Надо сказать сразу, что в силу описанных выше причин Евгений Андреевич не был увлечён идеями «демократии», «перестройки» и «гласности», поскольку был искренним патриотом Советского Союза, Советской Украины, Советского Донбасса и в глубине души всегда считал себя «наследником» молодогвардейцев Краснодона. Тем более, находясь в Чехословакии, видел все механизмы развала стран социализма и тамошнюю «бархатную революцию» в ноябре-декабре 1989 года категорически не принял, отправив из Праги в редакцию ряд весьма нелицеприятных материалов по этому поводу. Новый главред «Комсомолки» Владислав Александрович Фронин распорядился «мятежного» собкора из Чехословакии отозвать, после чего Нефёдов впервые в жизни оказался — не по форме, а по факту — без работы. Что и привело его в 1990 году в стан "прохановцев": сначала в газету "День", а затем, после "чёрного октября", оставило в газете "Завтра".

Этот «героический» период в истории нашего издания – от ГКЧП до разгрома редакции «Дня» после расстрела Верховного Совета России — неразрывно связан с именем Евгения Андреевича, обладавшего необходимым опытом и знаниями профессионального даже не журналиста, а «газетчика», и потому взявшего на себя функции её ответственного секретаря. Каковые он фактически исполнял вплоть до своей кончины, поскольку в этих вопросах пользовался непререкаемым авторитетом.

«Первая заповедь газетчика — «Пиши и засылай!». Всё остальное приложится», — говорил он.

Нефёдов не был каким-то идеальным человеком — а кто из нас идеален? Все хорошо знали его человеческие слабости и недостатки, но правильно говорят, что наши недостатки — продолжение наших достоинств. Иногда в их сочетании получались такие жизненные "загогулины", которые становились редакционными легендами. Но главными, определяющими чертами Евгения Нефёдова были, помимо отмеченного выше безусловного патриотизма, любви к своей «большой» и «малой» Родине — высочайший профессионализм: и поэтический, и журналистский.

На могиле Евгения Андреевича стоит памятник, созданный скульптором Вячеславом Семёновичем Пилипером по эскизу Заслуженного художника России Геннадия Васильевича Животова, чьи рисунки наши читатели видят на первой полосе почти каждого номера газеты "Завтра". На этом памятнике, кроме фамилии, имени, отчества, а также дат рождения и смерти, выбито только одно слово: "поэт".
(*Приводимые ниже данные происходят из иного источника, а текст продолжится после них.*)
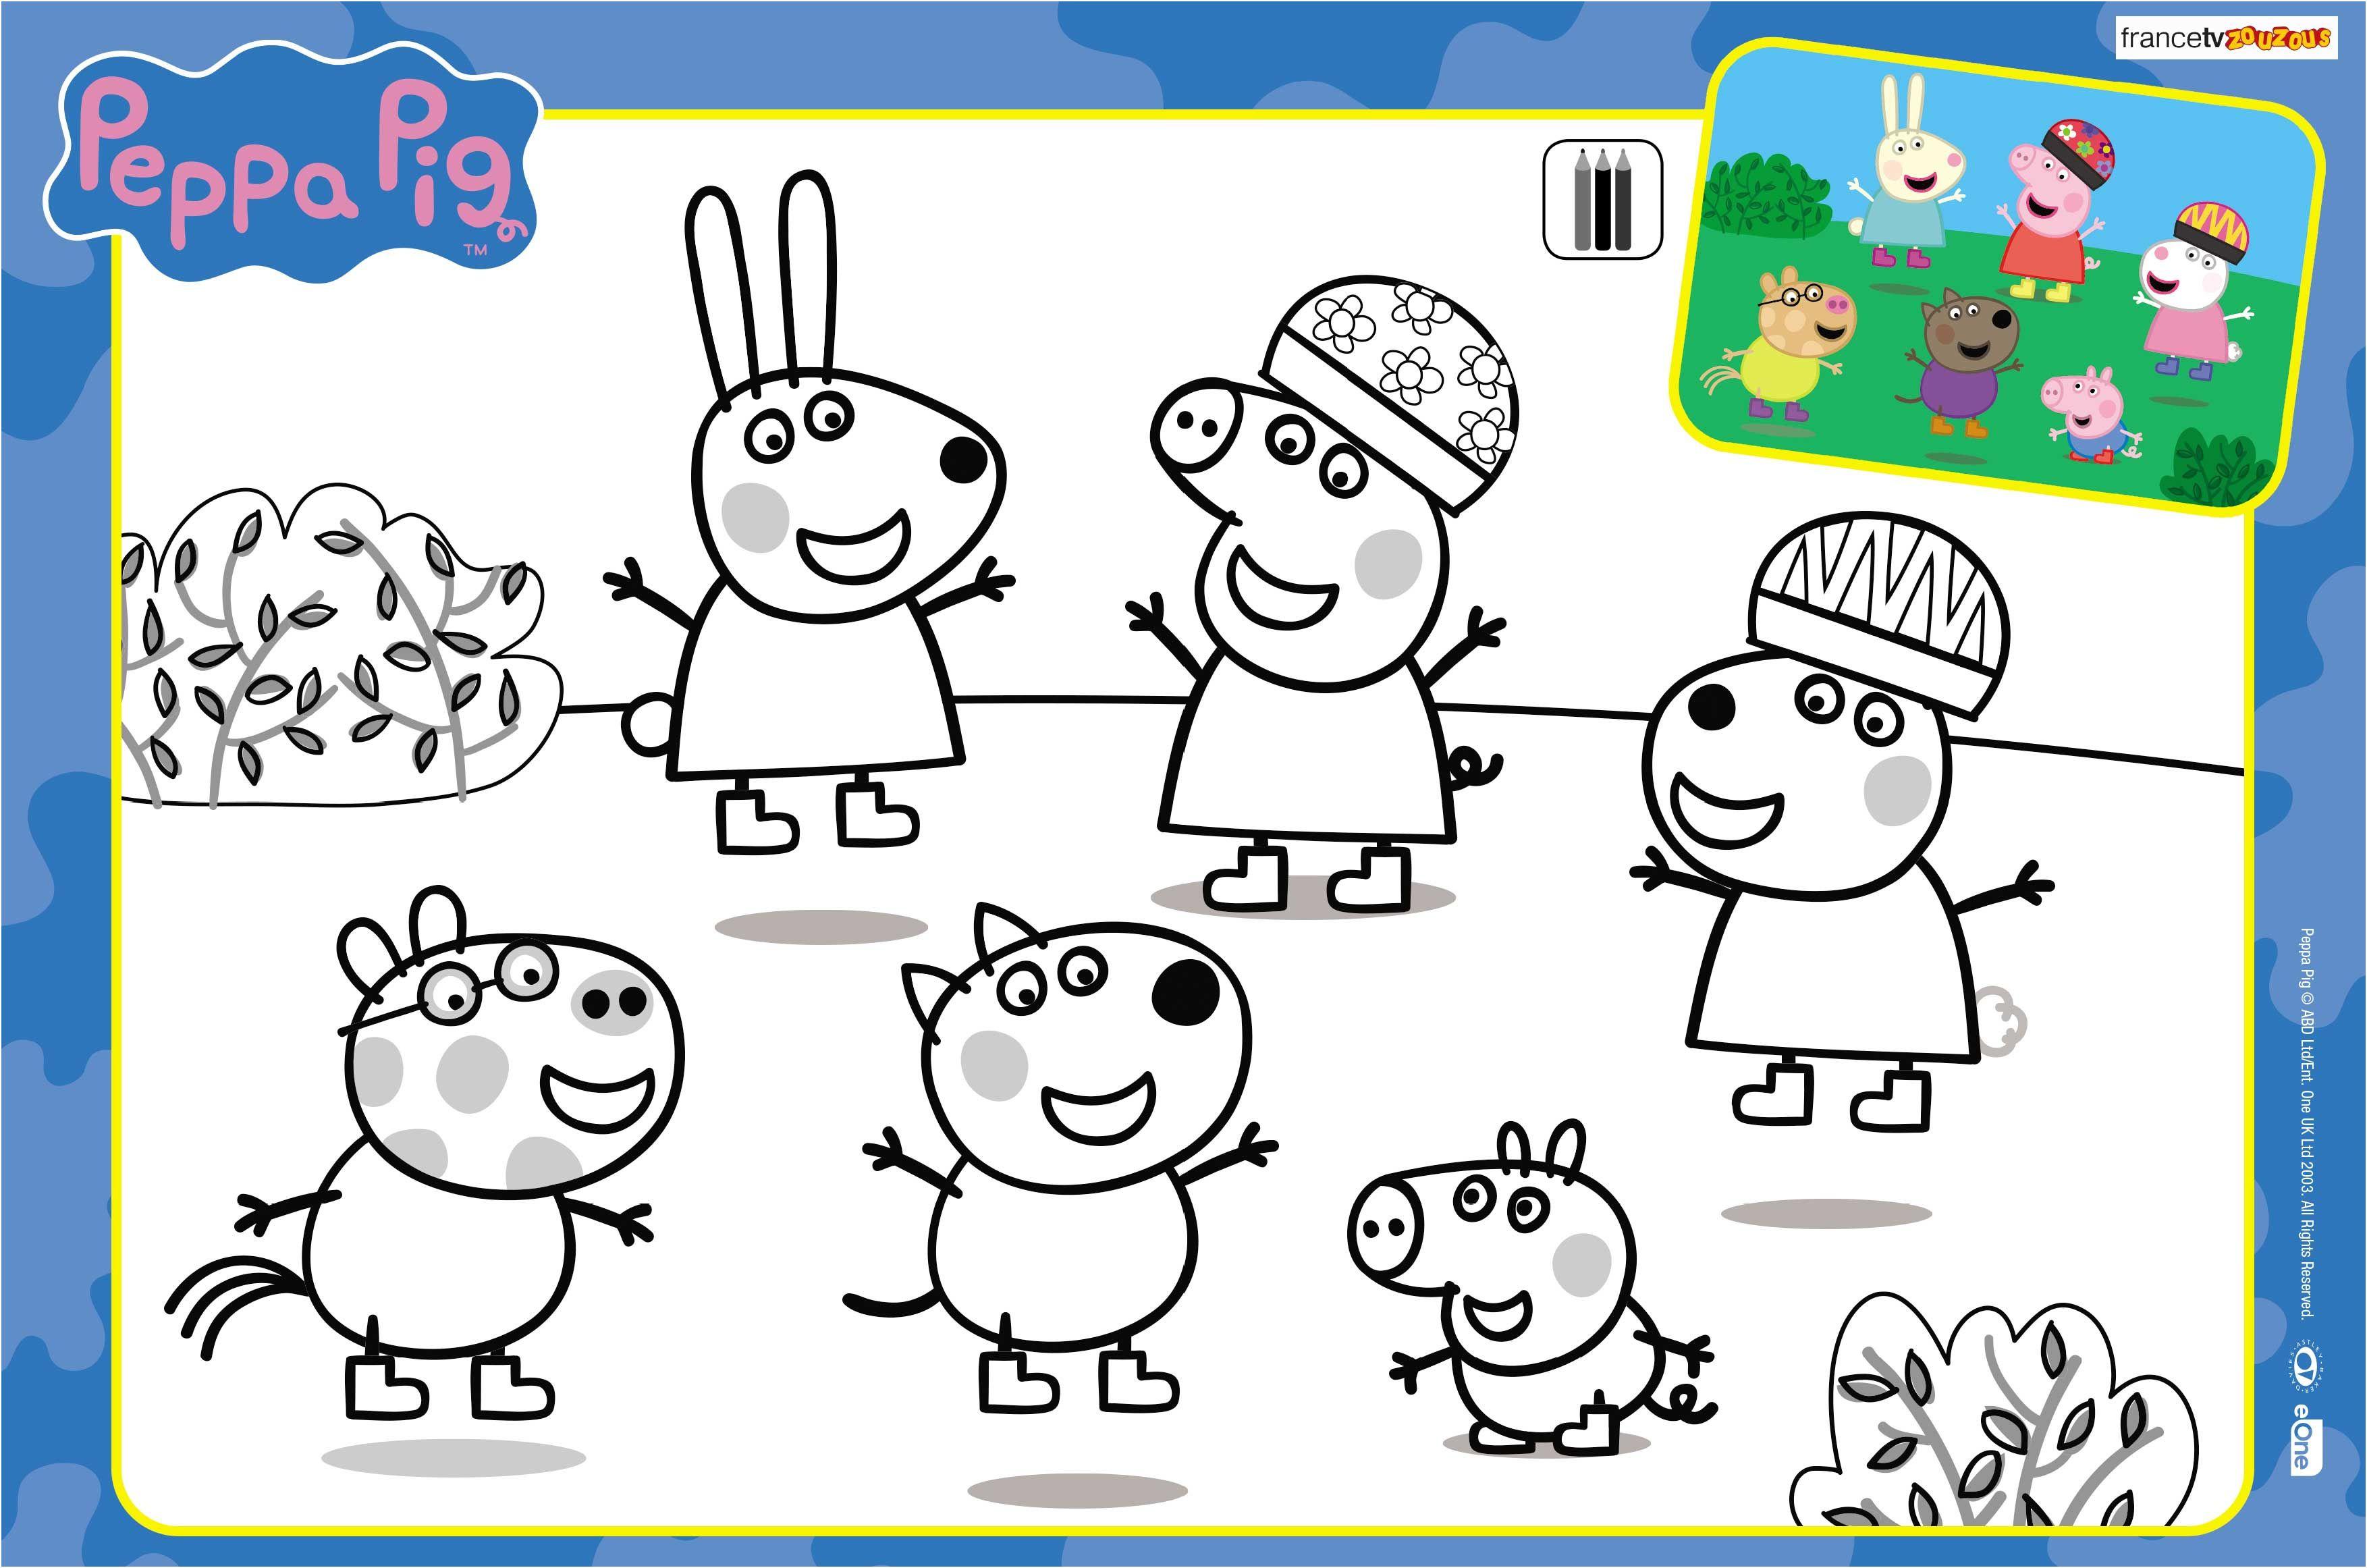 14 Pascher Coloriage Peppa Pig A Imprimer Photos Coloriage Peppa Pig Livre Coloriage Coloriage
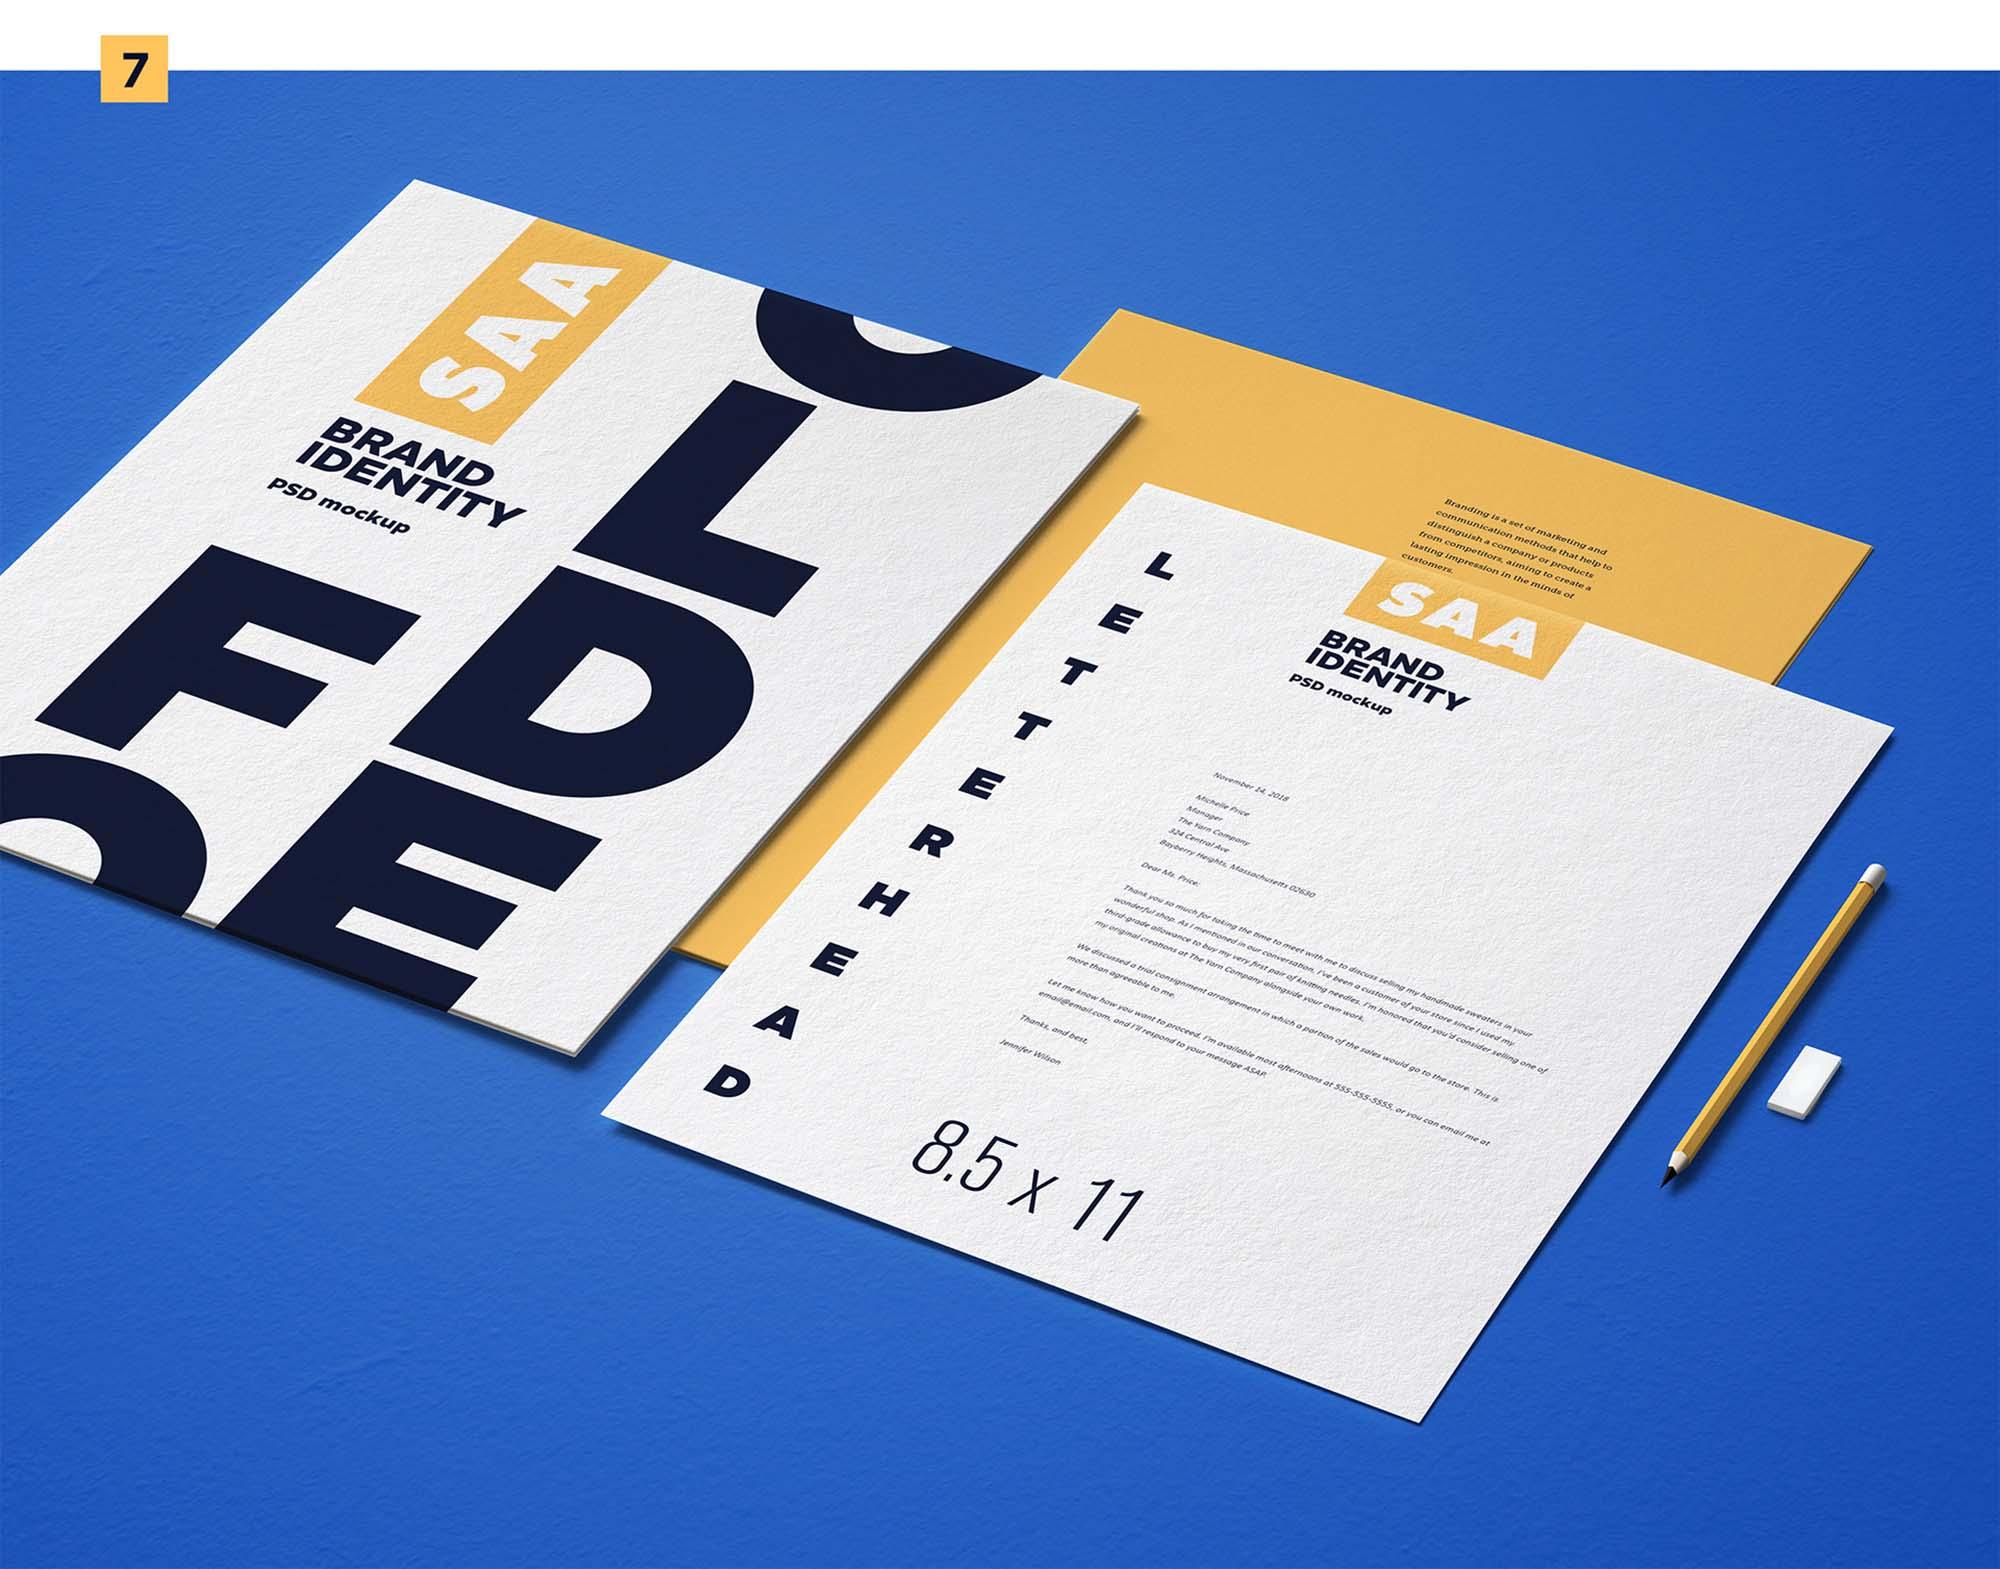 Identity Design Mockup 7

Да, Евгений Нефёдов действительно был поэтом и чувствовал себя в стиховой стихии как рыба в воде. Мог написать стихами и передовую статью в донецкой областной газете "Комсомолец Донбасса", редактором которой работал, и сценарий для спектакля Татьяны Васильевны Дорониной, и полторы-две сотни двустиший для книги "в пандан" к прохановским передовицам и животовским рисункам... Очень быстро, к нужному сроку, со своим фирменным профессионализмом.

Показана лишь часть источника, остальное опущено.